February 19, 2025, Charlottesville VA: Contraline has published peer-reviewed data in the journal, Contraception, detailing the development of ADAM™, a novel injectable two-component hydrogel designed to offer a safe, long-lasting, and non-permanent solution for male contraception.

The study highlights preclinical findings that showcase the hydrogel’s biocompatibility and tunable mechanical properties, setting it apart from existing vas-occlusive technologies.

Key findings from the study include:

• The hydrogel's selective permeability with a pore size range of 10-20 nm, which effectively prevents sperm passage while allowing fluid and small molecules to diffuse.
• Its mechanical properties, which enable easy injection into the vas deferens with minimal force, forming a stable, viscoelastic material within 30 seconds that withstands ejaculatory pressures.
• The hydrogel was shown to be non-cytotoxic, non-irritating, non-sensitizing, and non-genotoxic, emphasizing its safety profile.
• A two-year in vivo study in a canine model revealed minimal tissue response following implantation, with no adverse effects, further supporting the hydrogel’s long-term safety and functionality.

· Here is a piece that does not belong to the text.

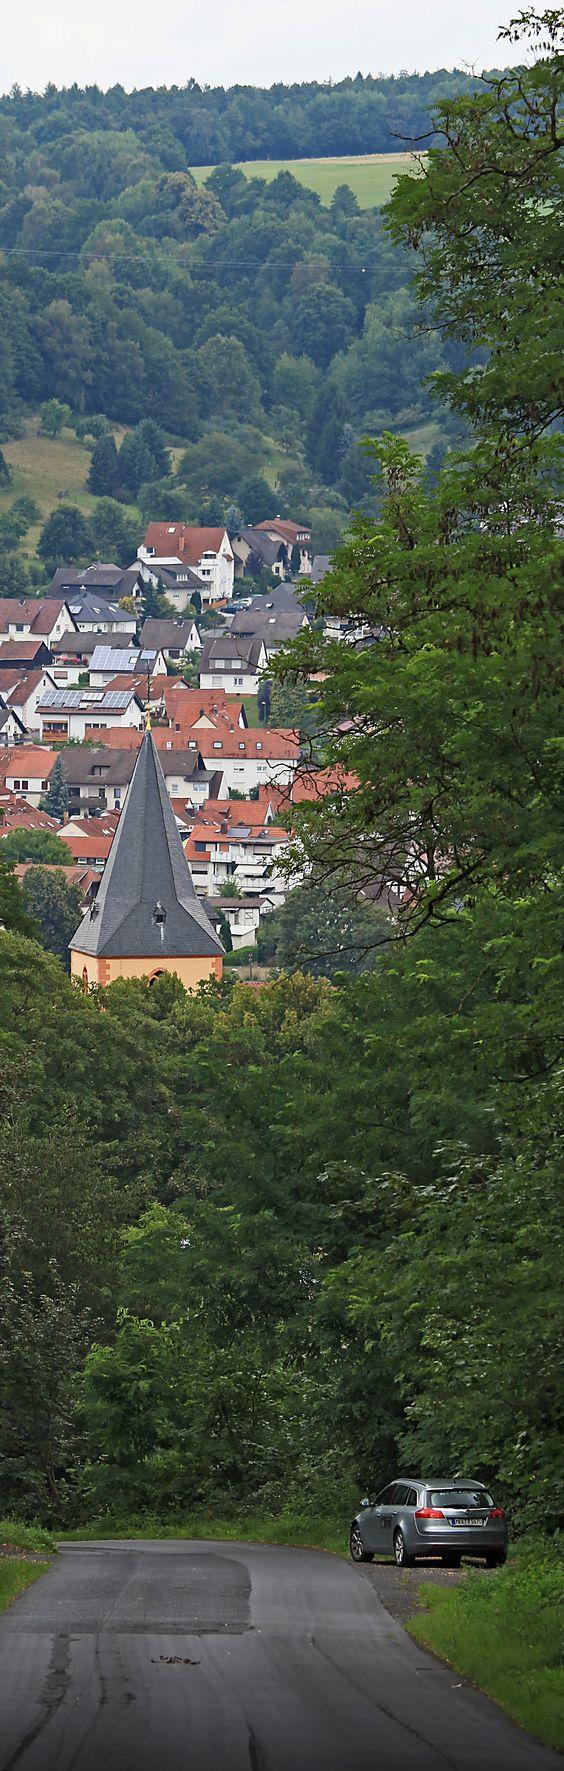 Bad Orb- Blick vom Molkenbergweg zur Altstadt und zur Kirche St. Martin

“We are pleased to share our research in Contraception, a journal with a longstanding history in male contraception, including seminal publications on vas-occlusive approaches dating back to 1979. This manuscript details the preclinical development of ADAM™, the first injectable PEG hydrogel designed for non-permanent vas-occlusive contraception. We are proud to contribute to this field and advance the development of innovative contraceptive technologies,” said Dr. Nic Matsumoto, Director of Research at Contraline.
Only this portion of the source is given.